Anahi’s room is a film and live performance by director Ivalo Frank featuring poet Jessie
Kleemann as well as performance artists from different corners of the world: Nadine Milzner
(Germany), Ronni Maciel (Brazil), Raven Do Canto (India) and Miki Shoji (Japan). The theme of
the film is childhood abuse and sheds light on a topic, still covered in darkness.
Through poetry, music and performance the piece alludes to the deeply felt emotional pain and
psychological displacement of the soul, which are just some of the consequences abuse leaves
behind in the victim. At another level the performance opens up to a discussion about colonisational
abuse, in the relation between Denmark (coloniser) and Greenland (colonised).
Too many children suffer because of the silence surrounding abuse. Let’s use art as a tool with

which we can break taboo and discuss emotionally charged parts of our society.

Credits

A film by Ivalo Frank
Poetry by Jessie Kleemann
Performance by Jessie Kleemann, Miki Shoji, Ronni Maciel, Nadine Milzner & Raven Do Canto
Music by Non-Functional Harmony

Jessie Kleemann was born in Upernavik in northern Greenland and trained as a lithographic artist.From 1978 to 1979, she was a student at the Tuukkaq theatre in Fjaltring in northern Jutland, from
1984 to 1991 director of the school of arts in Nuuk, during which period she took leave in 1989 in connection with the staging of the play Asanninneq naliitsoq, based on Märta Tikkanen’s Århundradets kärlekssaga.
Between 1991 and 1993, she was the coordinator of the exhibition project Arts from the Arctic as part of the UNESCO programme for the decade of indigenous people. She has participated in Nordic and international exhibitions as well as in many one-person exhibitions and as a poet has represented Greenland at Nordic and international literary events. Her first independent poetry collection was Taallat. Digte. Poems, 1997.

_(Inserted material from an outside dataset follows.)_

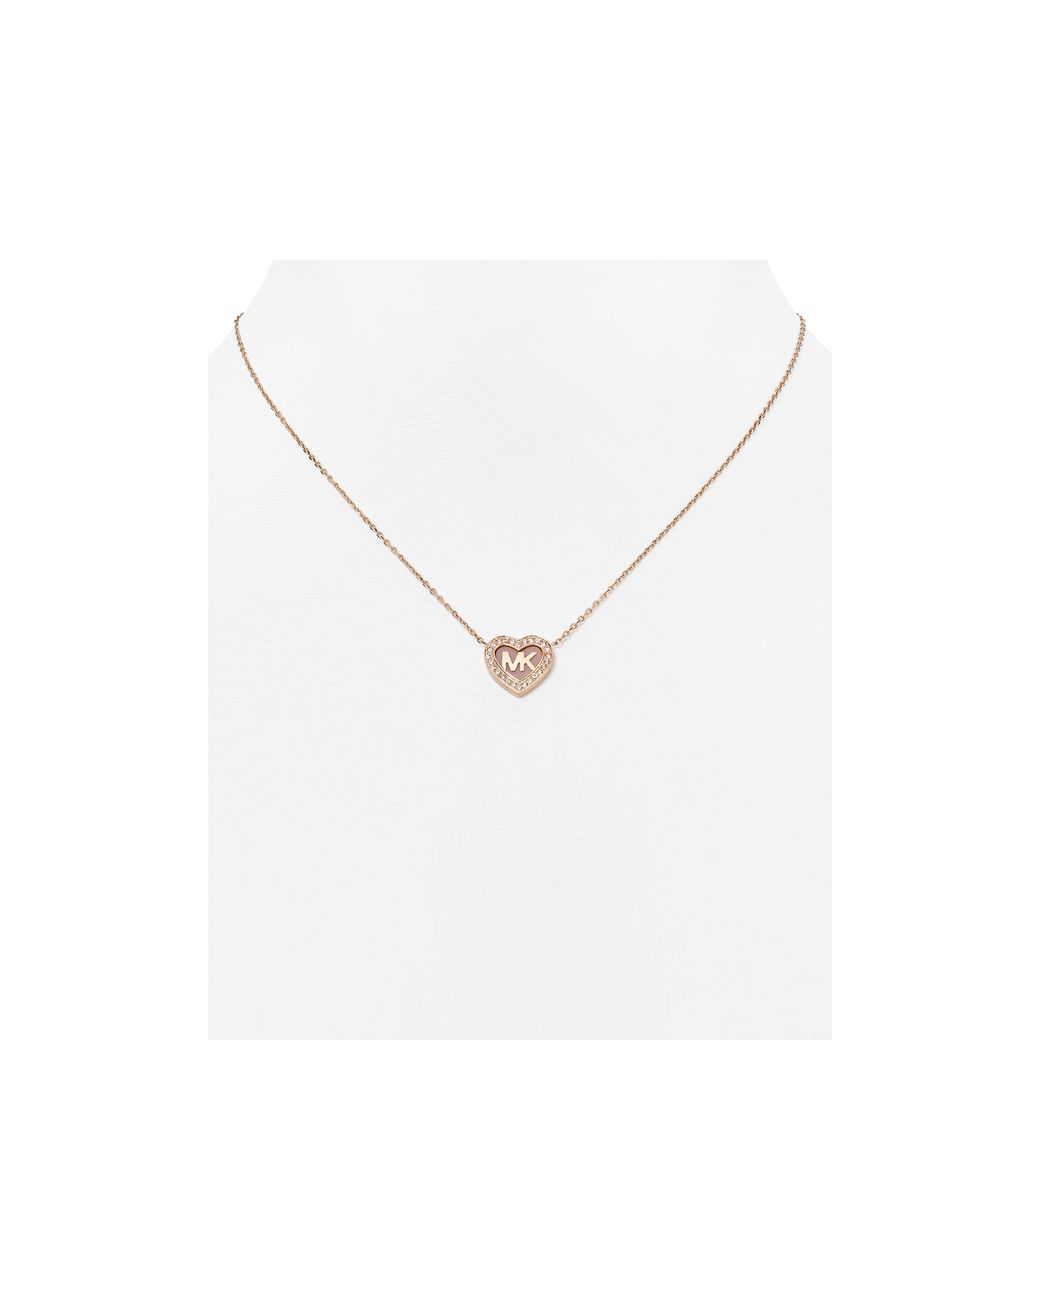 Michael Kors Pave Heart Pendant Necklace, 16

Ivalo Frank has lived in several countries and now resides in Berlin. Holding a MA in Social Science from Lund University, she works as an artist film-maker. Frank has made films in various countries such as Bosnia, China and Greenland and the content range from post-war portraits and post-colonial perspectives to in-depth interviews with citizens from the former DDR. Her films are shown in academic, art and film contexts world-wide, e.g. at the Humboldt University Berlin, Louisiana Museum of Modern Art and IMC gallery, New York. Selected for numerous international film festivals, Frank’s work has been included in CPH:DOX and the International Film Festival of Cinematic Art a.o. She has won a number of awards ex. the Honorable Mention Award, Los Angeles International Film Festival and Best Documentary Award, London Underground Film Festival.